Here is an example. I think a lot of old sources just copied one another, perhaps each time twiddling the slide rule for a few minutes to see if the previous plagarism could be "further improved". :)

https://www.electronicdesign.com/analog ... -generator

From what little I understand, the reason it works with so few stages in analog is that usually "ideal" RC lowpass or highpass filters want to be driven by "as near zero ohm source impedance practical" and be buffered by "as near infinite output impedance as is practical".

As you let the source impedance get too high or let the destination impedance get too low (or both), the response deviates from ideal and becoming a worse and worse performing droopy filter.

So I think the analog pinking filter had interactive loading between the stages to degrade a 3 or 4 pole response down to a droopy -3 dB per octave.

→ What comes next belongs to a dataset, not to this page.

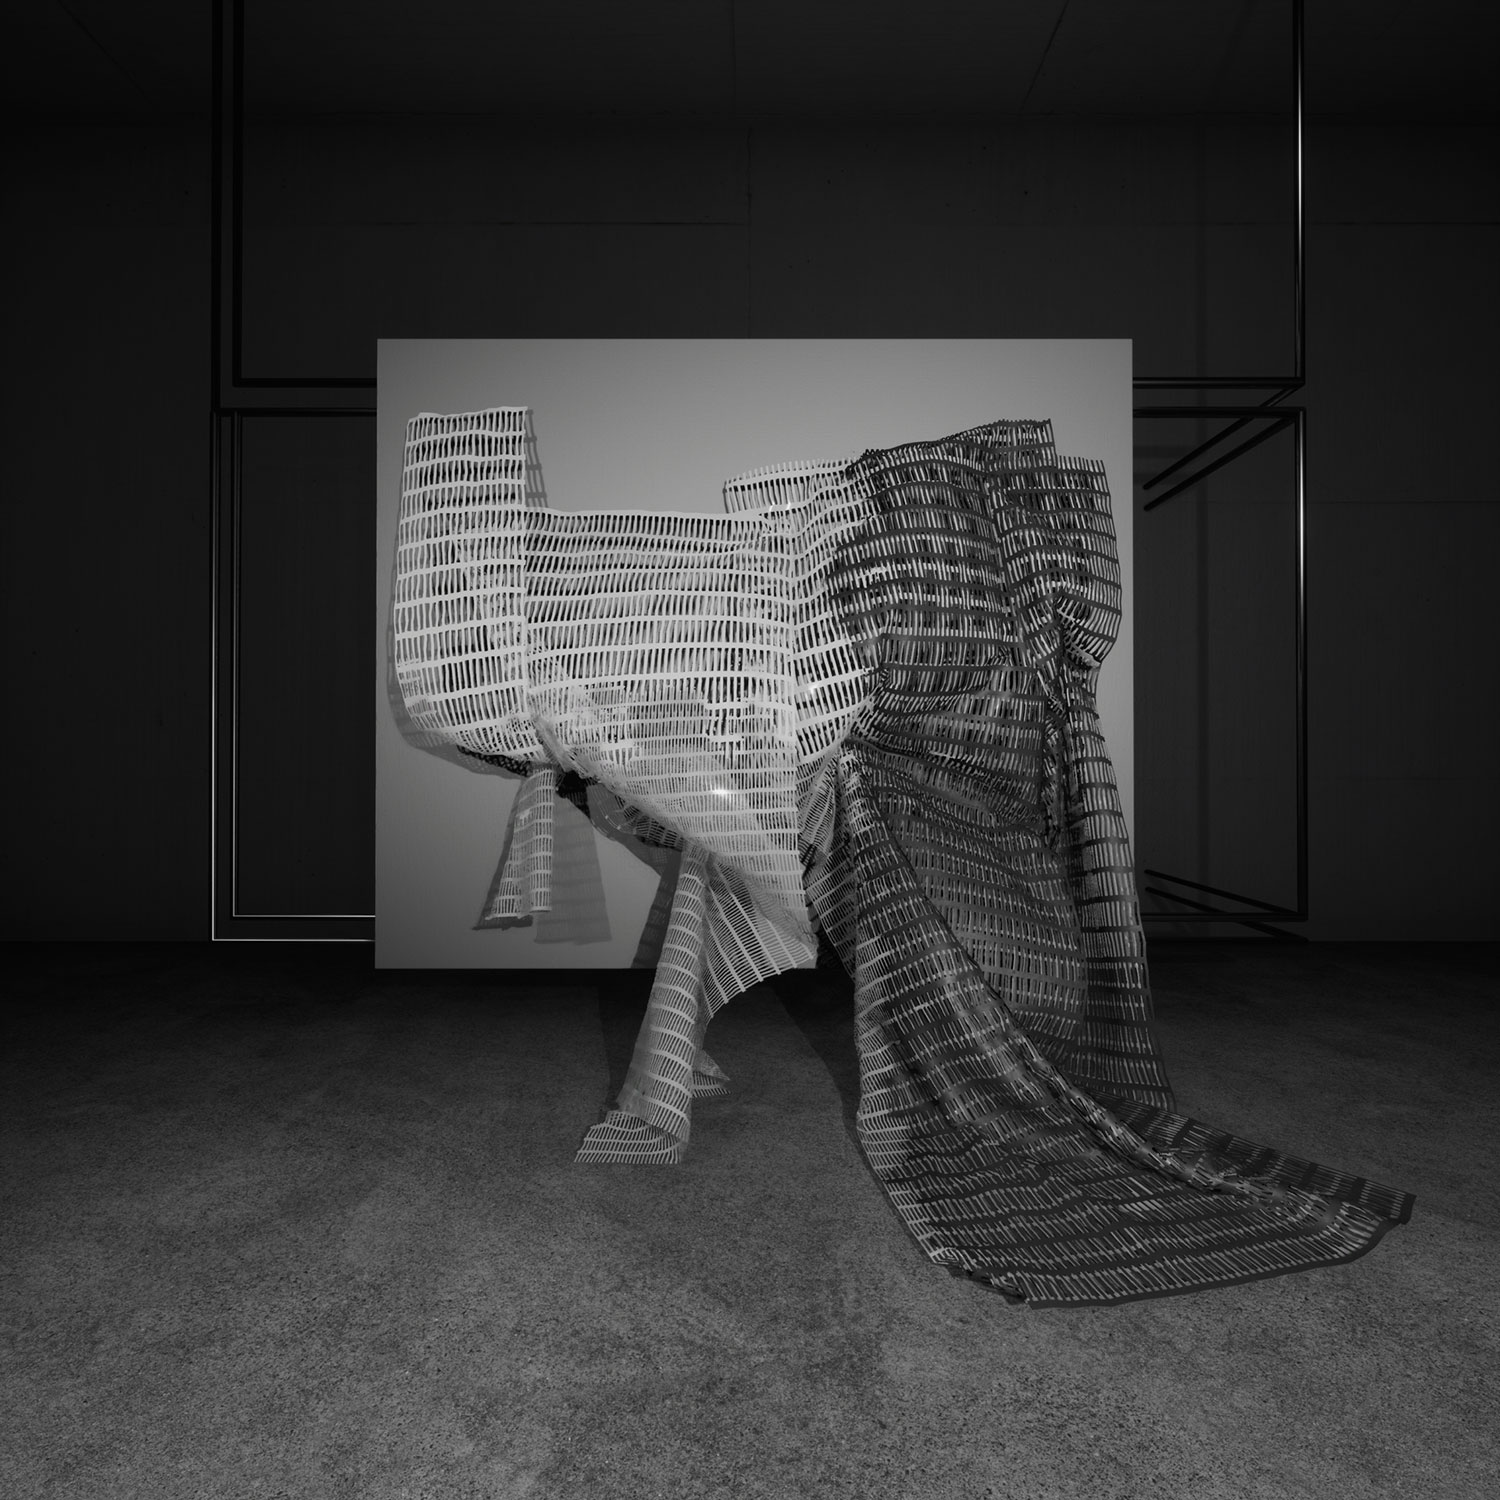 Lines and Patterns (Painting Composition), Video Still, 2021, Claudia Brăileanu

It is easy to see this maddening "filter response considering source and dest impedance" in passive speaker crossover design where the source impedance isn't always "real close to zero" and the output impedance is in the same ballpark as the other components in the crossover network. It seems pretty easy to screw up and make funky-dB-per-octave passive speaker crossovers.

Maybe "non-ideal" source and dest impedances could be somehow modeled in ZDF filters to degrade their performance like "bad analog circuits"? Dunno. If so, maybe only 3 or 4 ZDF one-poles could make as good approximation as the simple passive analog circuits? Dunno much about it.

I vaguely recall a long-ago post RBJ post on music-dsp mailing list, so far as I recall he explained about how to make "very low-Q" IIR filters for tasks like this. Too lazy to look it up. Typically a Q of 0.5 is as low as you go, but crappy circuit design can make the Q lots smaller! :)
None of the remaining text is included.